Has anyone built something like this using accessibility APIs instead of (or in ...

bitwize · on April 21, 2024

Dragon NaturallySpeaking supports voice commands like "click OK" and responds accordingly. Its solution to the problem of Microsoft Office doing its own custom widget rendering was to OCR the text on widgets and buttons to determine their labels. You need something like this far, far more often than you think you do. Developers will flummox you, they will NOT use the provided APIs.

dbish · on April 22, 2024

We've done a bit of both for our screen seachable loom-like screen recorder, the problem is that the accessibility APIs differ greatly between Mac and Windows if you want to be OS agnostic and even on Windows all the apps tend to do things a little differently making it hard to say what did you actually "see", with some apps missing key data or implementing it incorrectly. OCR ends up being easier many times desptie thinking accessibility would be.

Sephr · on April 22, 2024

OCR is easier for the developer, but worse for the user in terms of battery drain / energy use.

dbish · on April 22, 2024

For sure, we made a privacy tradeoff to do it server side (given some screen change delta) because of this. Accessibility is a good "in addition to" but there are just so many apps that don't handle it well

janpmz · on April 22, 2024

I've built a workflow recorder with a screen history (MVP).

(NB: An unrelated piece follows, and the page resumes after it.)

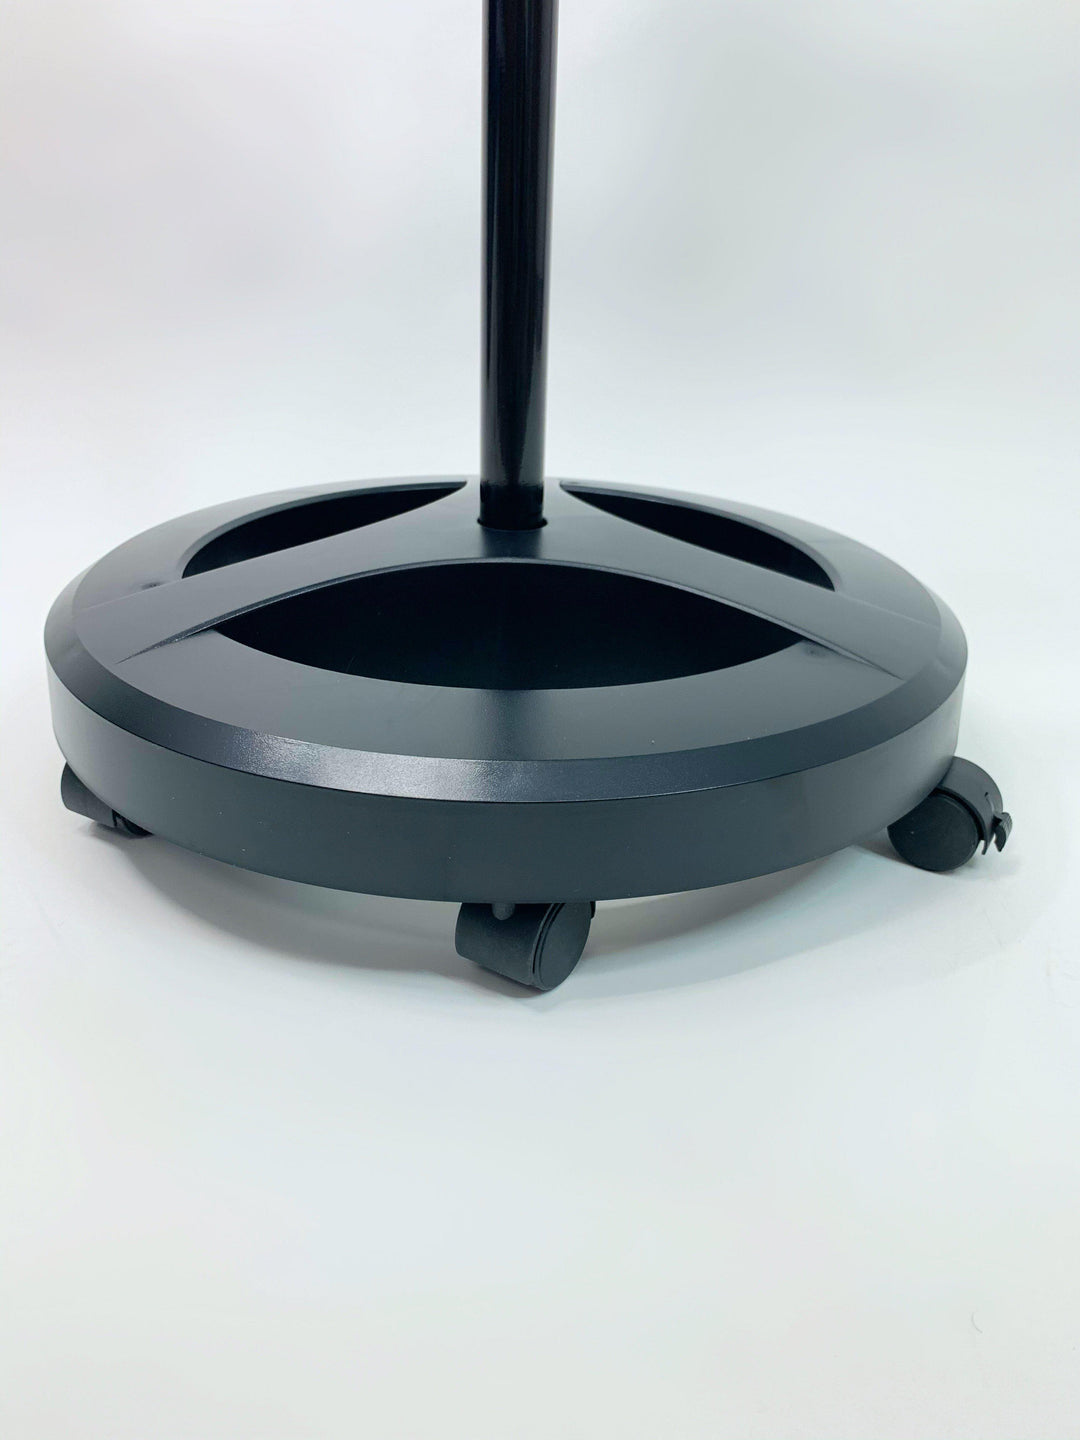 a Lash Light with Storage Tray | Lash Salon Light from Lash Tribe, with a black base on wheels.

I concluded that in case this is a viable approach, Microsoft or Apple will built that into their OS natively as part of a copilot that remembers everything and comes to assist the user with the knowlede.

My screen history was not as advanced as the app mentioned here though. And I didn't use it myself.

JoBrad · on April 21, 2024

It would also be great to have the foreground apps as metadata.

ehsankia · on April 21, 2024

Also more general structured data. Like being able to search only the window titles, or text within a certain windows (Discord, Chrome).

wingerlang · on April 22, 2024

This is what I added to my macOS app recently, foreground app metadata. It is displayed on the timeline if you look at the pictures on my website (screenmemory.app). For my use case it was night and day in UX.